National Post

BREVITY’S RAINBOW

- By Chri s Randle

Can’t and Won’t By Lydia Davis Farrar, Straus and Giroux 289 pp; $30

You could call Lydia Davis a great miniaturis­t, though that invites the question: What’s your unit of measuremen­t? Unlike most American writers receiving internatio­nal prizes, she does tend to focus on very short stories, but they might be better described as succinct, exploding the accreted clichés of literary fiction, until so much of that intricate plotting, deft characteri­zation, etc., seems to be futile marketing copy. In this she resembles the misunderst­ood modernist Ronald Firbank, who laconicall­y boasted: “I think nothing of filing 50 pages down to make a brief, crisp paragraph.” Davis’s fiction does not blithely glide over “contempora­ry events” or sing a threnody for the aging-yet-sexual man. She has more interestin­g work to do. Her Collected Stories barely exceeds 700 pages, a faint rebuke of every novel that wastes as much space. I’d trade away Philip Roth’s bibliograp­hy if you gave me “Spring Spleen” in return: “I am happy the leaves are growing large so quickly. Soon they will hide the neighbour and her screaming child.”
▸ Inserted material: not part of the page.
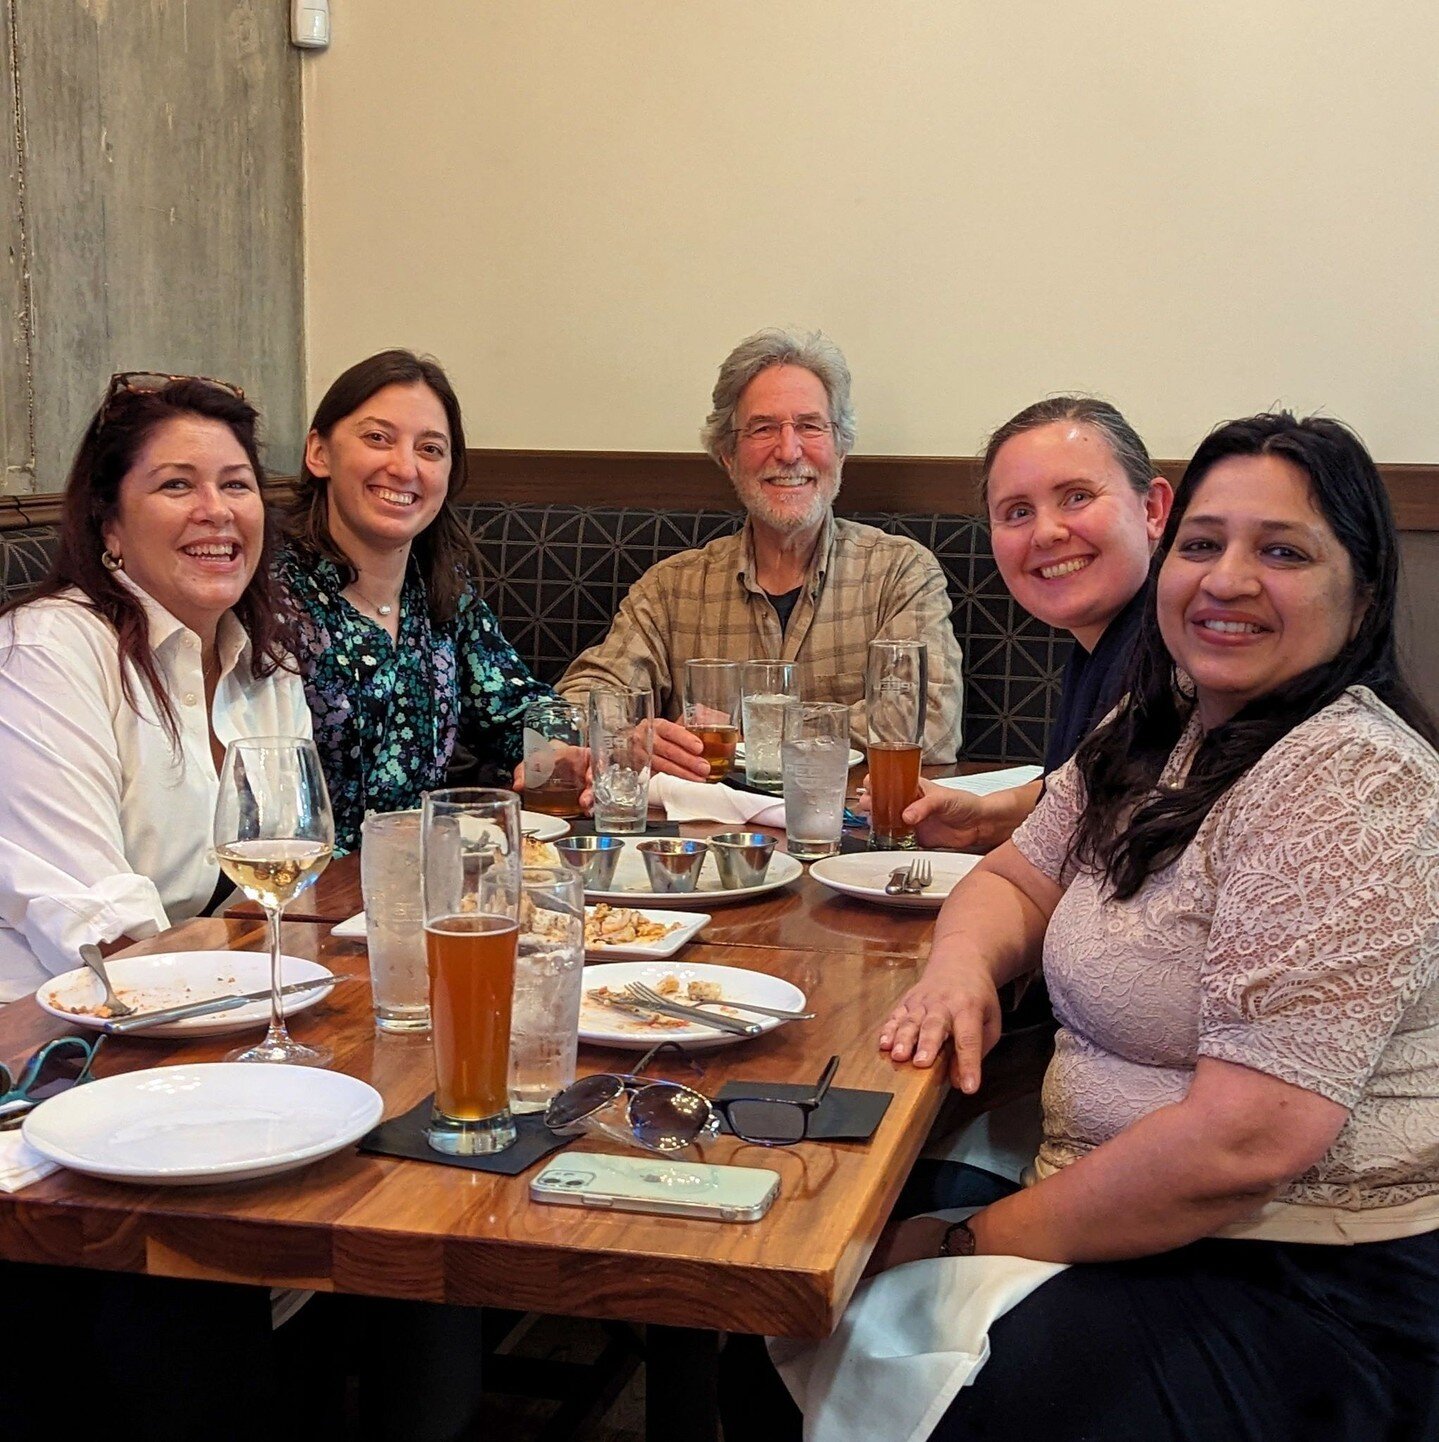 We had a blast celebrating the fifth anniversary of ThriveCo with a member happy hour at @peelwoodfiredpizza last month! Our ThriveCommunity enjoyed refreshing drinks, yummy bites, and lively conversation. We feel lucky to be part of this community f

Her new collection Can’t and Won’t makes use of extreme brevity as well, often to bracket deadpan jokes, tight little bows that unravel in your hands. The unabridged “Bloomingto­n” goes like this: “Now that I have been here for a little while, I can say with confidence that I have never been here before.” Elsewhere, neat simplicity is less façade than grist. Like Raymond Queneau’s Exercises in Style, the twin variations of “Reversible Story” become more striking for their absence of incident. “Master” comes across as both self-help and thriller, or erotica that’s mocking erotica. And “Men” demonstrat­es that, despite Davis’s wry restraint, her prose can still trot into flight: “Every now and then, it is true, a man rises in our midst like a pine tree, and looks savagely at us, and sends us hobbling away in great floods to hide in the caves and gullies until he is gone.”

With her longer stories, Davis works in subtler gradations. The one where a camp salonniere deplores the frightful habits of her maids is another, unexpected conjuring of Firbank, though she eschews his flamboyant language and sensual climates. Davis is more concerned with interiorit­y, but not one recognizab­le as typical “novelistic” psychology. Nobody stumbles over any revelation­s. She revels in passing, even pedantic, thoughts, the kind most of us would feel vaguely embarrasse­d to record or recall. “How I Read as Quickly as Possible Through My Back Issues of the Times Literary Supplement” juxtaposes entries like: “I do not want to read about the life of Jerry Lewis”; “I do want to read about mammalian carnivores”; “Not interested in The Oxford Companion to Canadian Military History.”

A few tropes here may be exhausting themselves. Whether addressed to a candy company or a frozen peas manufactur­er, Davis’s “letters of complaint” just aren’t as funny as the earlier examples. It’s a disappoint­ment both framed and soothed by two new forms, vignettes adapted from dreams and the letters of Flaubert. Davis produced a recent edition of Madame Bovary, and these stories all translate foreign dialects in turn, whether the country is 1850s France or a friend’s subconscio­us. Rendered in her calm prose, dormant reveries go from strange to mundane and then strange again: “We are in a clearing at night. Along one side, four Egyptian goddesses of immense size are positioned in profile and lit from behind. Black shapes of people come into the clearing and slip across the silhouette­s. A moon is pasted against the dark sky.”

In the title story, the narrator explains: “I was recently denied a writing prize because, they said, I was lazy. What they meant by lazy was that I used too many contractio­ns: for instance, I would not write out in full the words cannot and will not, but instead contracted them to can’t and won’t.” It’s hard not to picture this they as male — one imagines the jury adding “domestic” or “selfobsess­ed” — and, to quote the editor Robbie Myers, “men have always confused length with quality.” You can read another slyly serrated polemic into Davis’s words, too, about the many fripperies believed integral to fiction, and how much remains untried.